Incomplete detachment of the valve has been reported causing unintentional valve migration into the right ventricle [6]. In order to avoid this, attention must to be paid to the appearance of the proximal flare in two different fluoroscopic views checking the release from the proximal hooks. If one of these is not fully released gentle clockwise or counterclockwise rotation of the delivery system may allow the hooks to detach completely from the delivery system. Also, as a safety tip, the distal end (‘carrot’) of the delivery catheter must be pulled back carefully and under fluoroscopic imaging to rule out the theoretical risk of engaging the stent with this.

Stent fractures were not seen in our patients. This has been reported for the Melody valve and pre-stenting has reduced this [12]. For Venus p‑valve implantation, pre-stenting is not necessary but it is possible that a dilated non-calcified native RVOT exerts less compression force on the stent frame avoiding the occurrence of stent fractures.
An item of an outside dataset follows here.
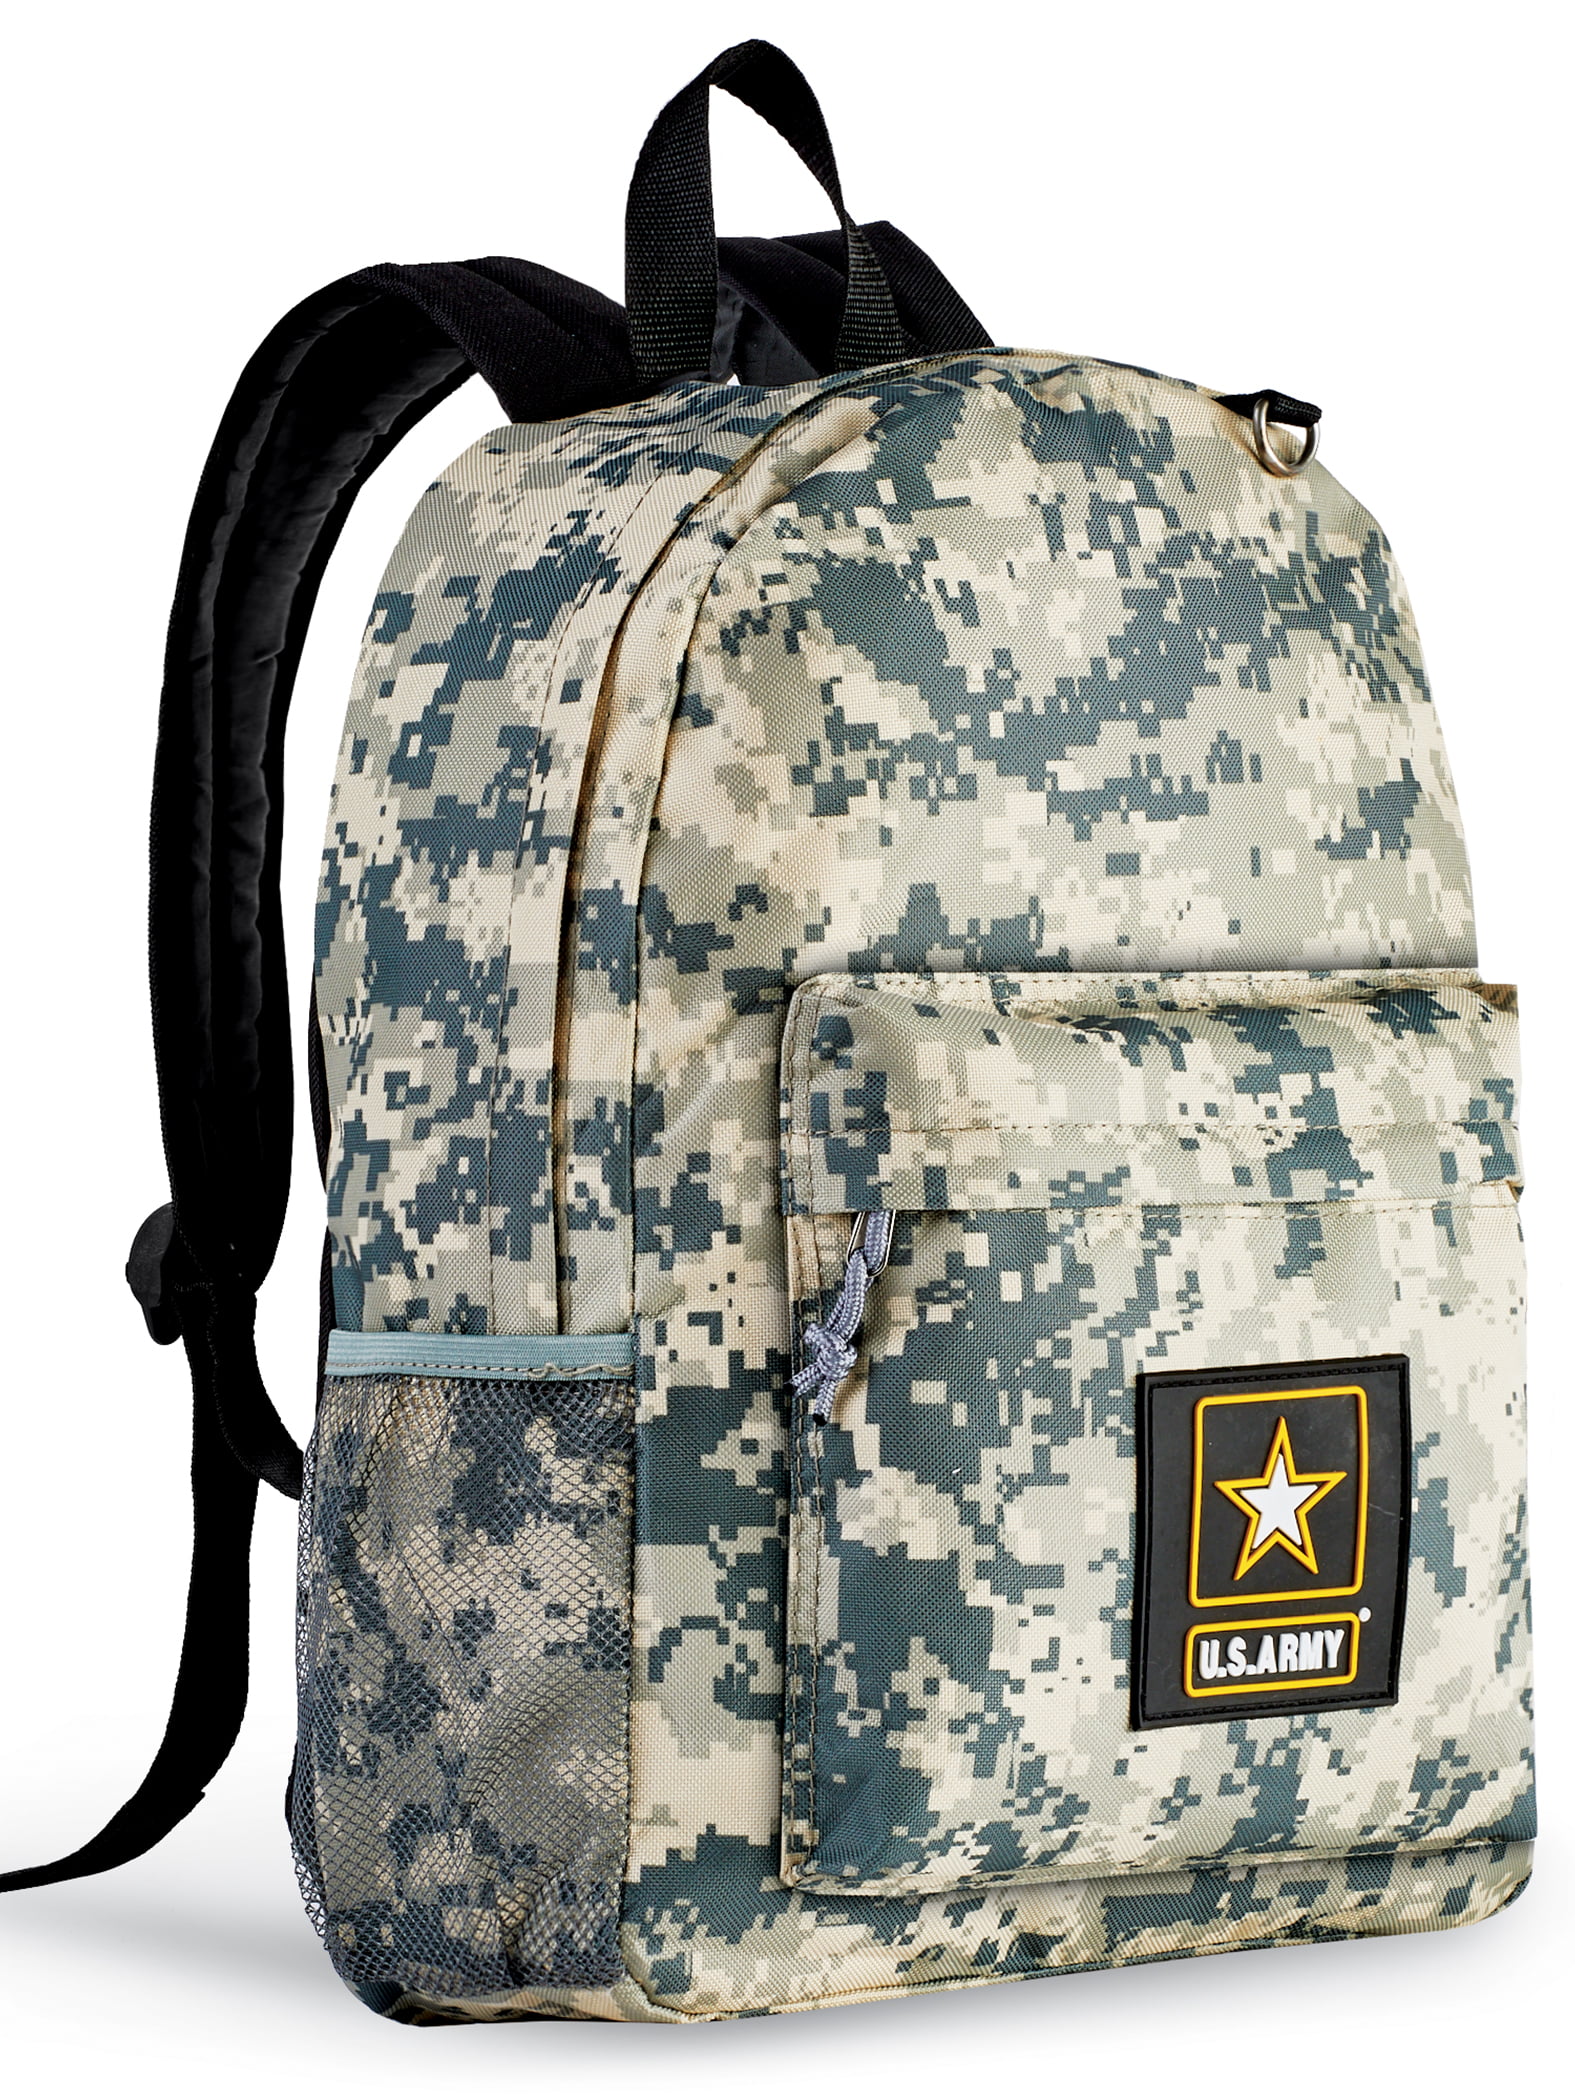 *BRAND NEW* ACU Digital Camo Army Military Sling Backpack Bags Camouflage Gym

However, the proximal end of the Venus valve is deployed in the contractile RVOT, this being a factor to produce stent fractures. Follow-up studies will be needed to evaluate the occurrence of late fractures.

Conclusions

Our experience reproduces the encouraging initial results of implanting the Venus p‑valve in patients with Tetralogy of Fallot repaired using the transannular patch technique. The Venus p‑valve is expanding the scope of percutaneous valve implantation in patients with a dilated RVOT which is out of range for the available percutaneous valves. The Venus p‑valve seems to work well in the short term follow-up. Further long-term studies are needed to bring more information on issues like durability and fractures.